01:04:27A B from a wealthy studio like MGM would have been an A-film for Monogram or even Columbia.
01:04:33So, one studio's B was not necessarily another's in terms of technical quality.
01:04:38Furthermore, there were films that fell between A and B status.
01:04:42Maybe they had some stronger star talent.
01:04:45Maybe they looked especially polished or sumptuous.
01:04:48Perhaps they were a tad longer than 70 minutes.
01:04:50These were called programmers, and sometimes shaky A's.
01:04:56What made a film a programmer was if it could be shown on either half of a double bill,
01:05:01depending on what it was paired with.
01:05:04Normally, the A-film came first, followed by the B.
01:05:07So, if a programmer was paired with a lavish B-film from Paramount or Fox, it would play second.
01:05:14If it was paired with a Poverty Row picture, or possibly another programmer, it would play first.
01:05:22Exhibitors, especially in rural areas, had some leeway to program the films as they wanted.
01:05:27And as I said earlier, they changed their programs out two or three times a week.
01:05:31By the way, the character of Holden here is played by an actor named Worley Birch.
01:05:36Birch had a very minor film career, was much more prominent on the stage.

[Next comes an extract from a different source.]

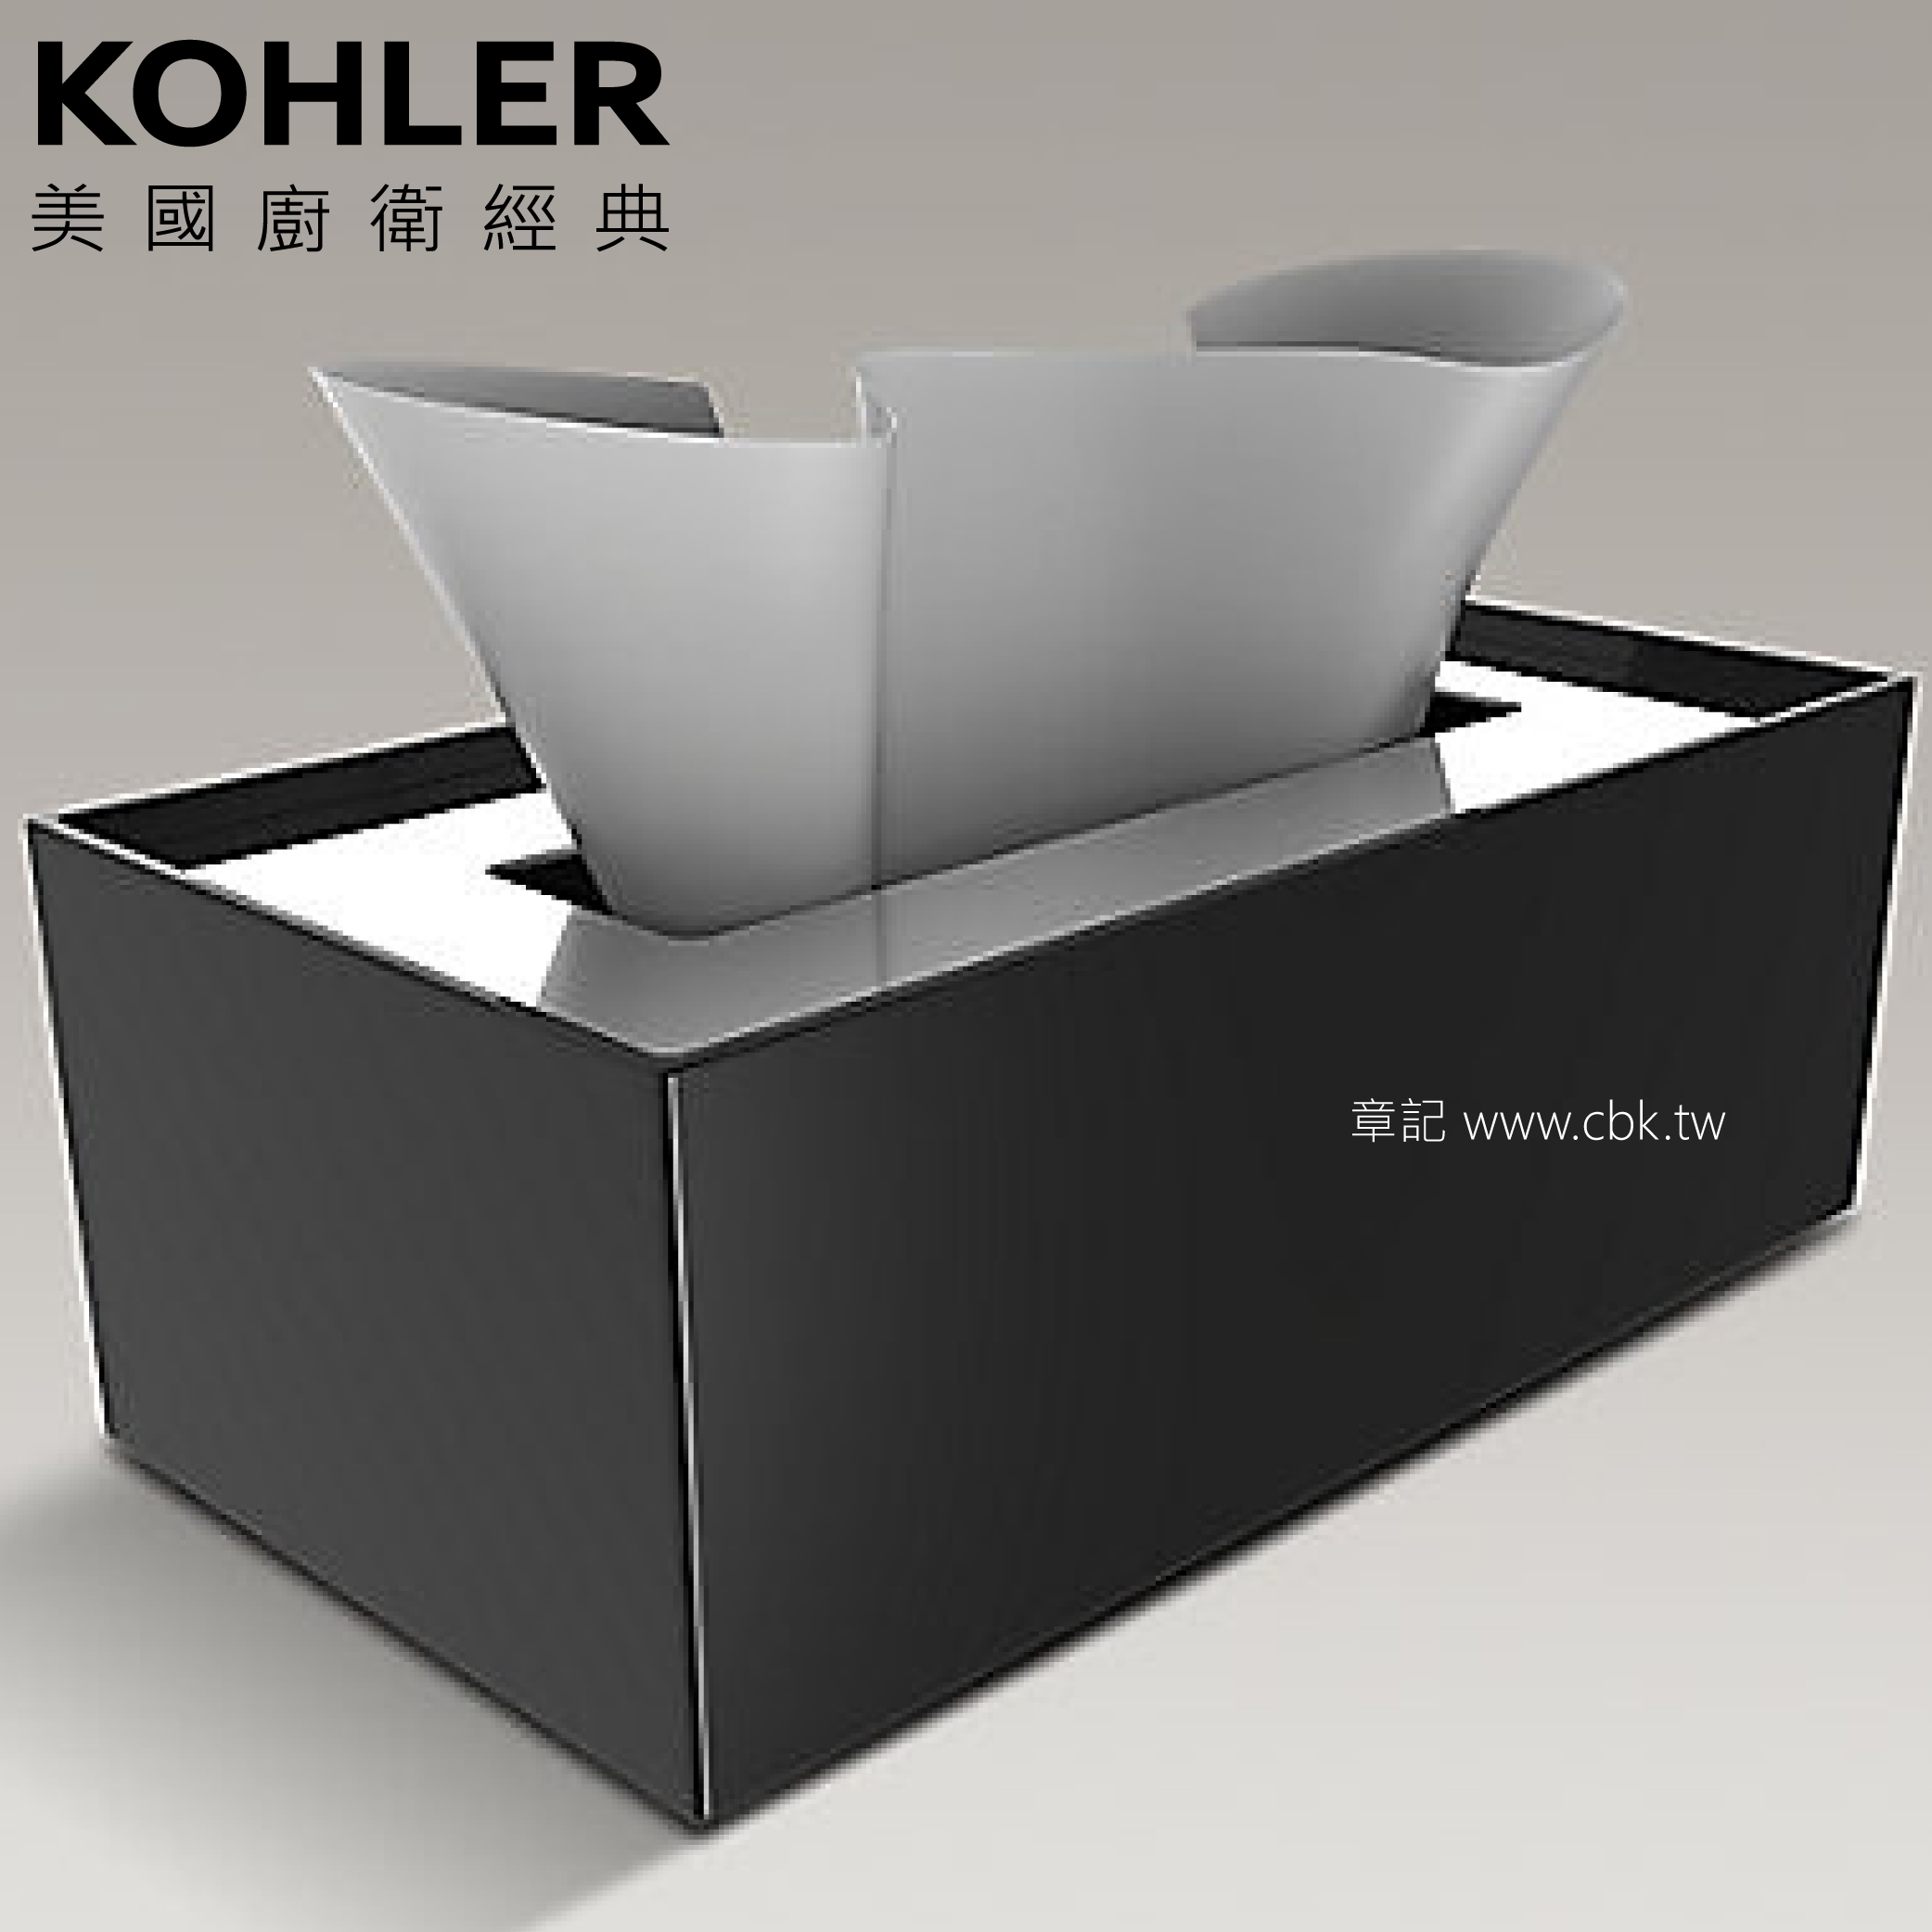 KOHLER Stages 面紙盒 K-27367T-RG7  |浴室配件|衛生紙架

01:05:40He was 52 when he made this, and Air Hawks was essentially his first film,
01:05:44aside from a brief screen appearance in 1916.

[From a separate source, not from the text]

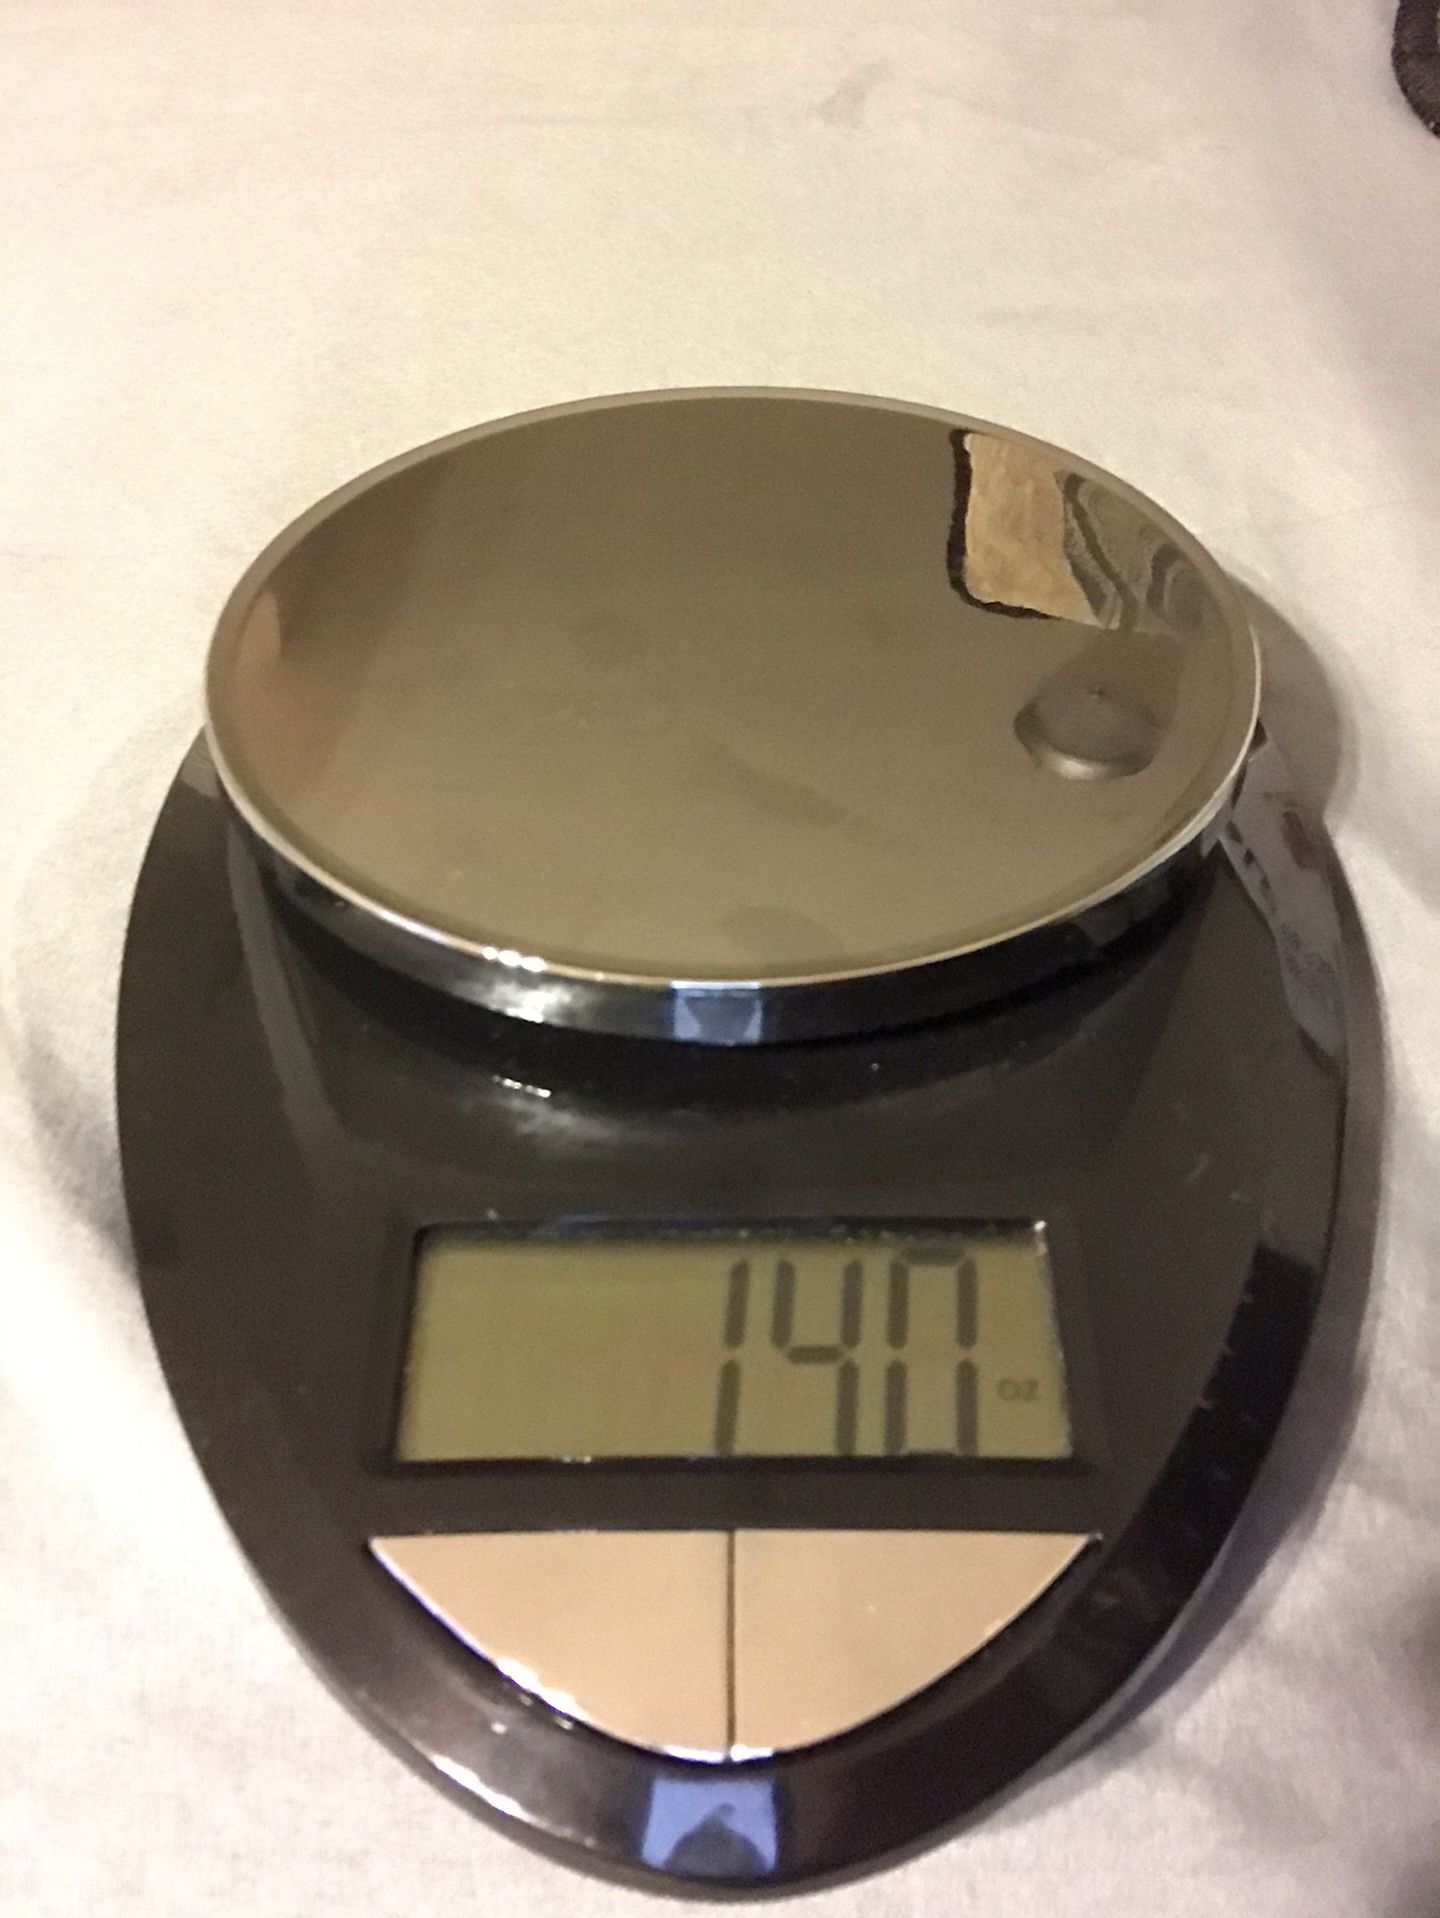 Eatsmart precision pro kitchen scale

01:05:48And Holden, who has been revealed as the villainous mastermind,
01:05:52is about to exit this film and this world.
01:06:10To finish my point about the ways that B-films were programmed,
01:06:14I examined many issues of variety from 1935
01:06:18to see what kinds of pairings exhibitors made with Air Hawks.
01:06:21Here are some examples.
01:06:23In Providence, Rhode Island, it played second to Paramount's Paris in Spring.
01:06:28In Montreal, it played second to MGM's Vagabond Lady.
01:06:32In Denver, it played first with another Columbia film, Party Wire.
01:06:37In L.A., it played second to an unusually lavish and relatively long monogram film
01:06:42called Keeper of the Bees.
01:06:45In Tacoma, it played second to Columbia's Unknown Woman,
01:06:48which was also directed by Albert Rogelle.
01:06:51So a Rogelle double feature in Tacoma.
01:06:54And in New York, it played first on the double bill
01:06:57with Columbia's Justice of the Range, starring Tim McCoy and Billy Seward.
01:07:03So New York City got a Billy Seward double feature.
01:07:07Well, what do you think of me now, baby?
01:07:17I like this final bit of comedy from Victor Killian as Tiny,
01:07:22and he will actually get the last line of dialogue in the film.
01:07:26But first, he loses his desired girl, Billy Seward, to Robert Allen.
01:07:31And that is now being paralleled by Ralph Bellamy actually getting the girl.
01:07:37Imagine that.
01:07:39An unusual experience for Ralph Bellamy in an A film,
01:07:42but not uncommon at all in his many, many Bs.
01:07:48Listen, you don't have to be anywhere today at five o'clock, do you?
01:07:51Why, no.
01:07:52How about riding with me as far as Washington, lady?
01:07:56Thank you for listening to this commentary.
01:07:58I do hope that you enjoyed Air Hawks as much as I do,
01:08:01and that you continue to enjoy the countless B movies from the golden era of Hollywood.
01:08:07There are gems out there waiting for you to discover them.
01:08:10I promise you.
01:08:12This is Jeremy Arnold saying so long.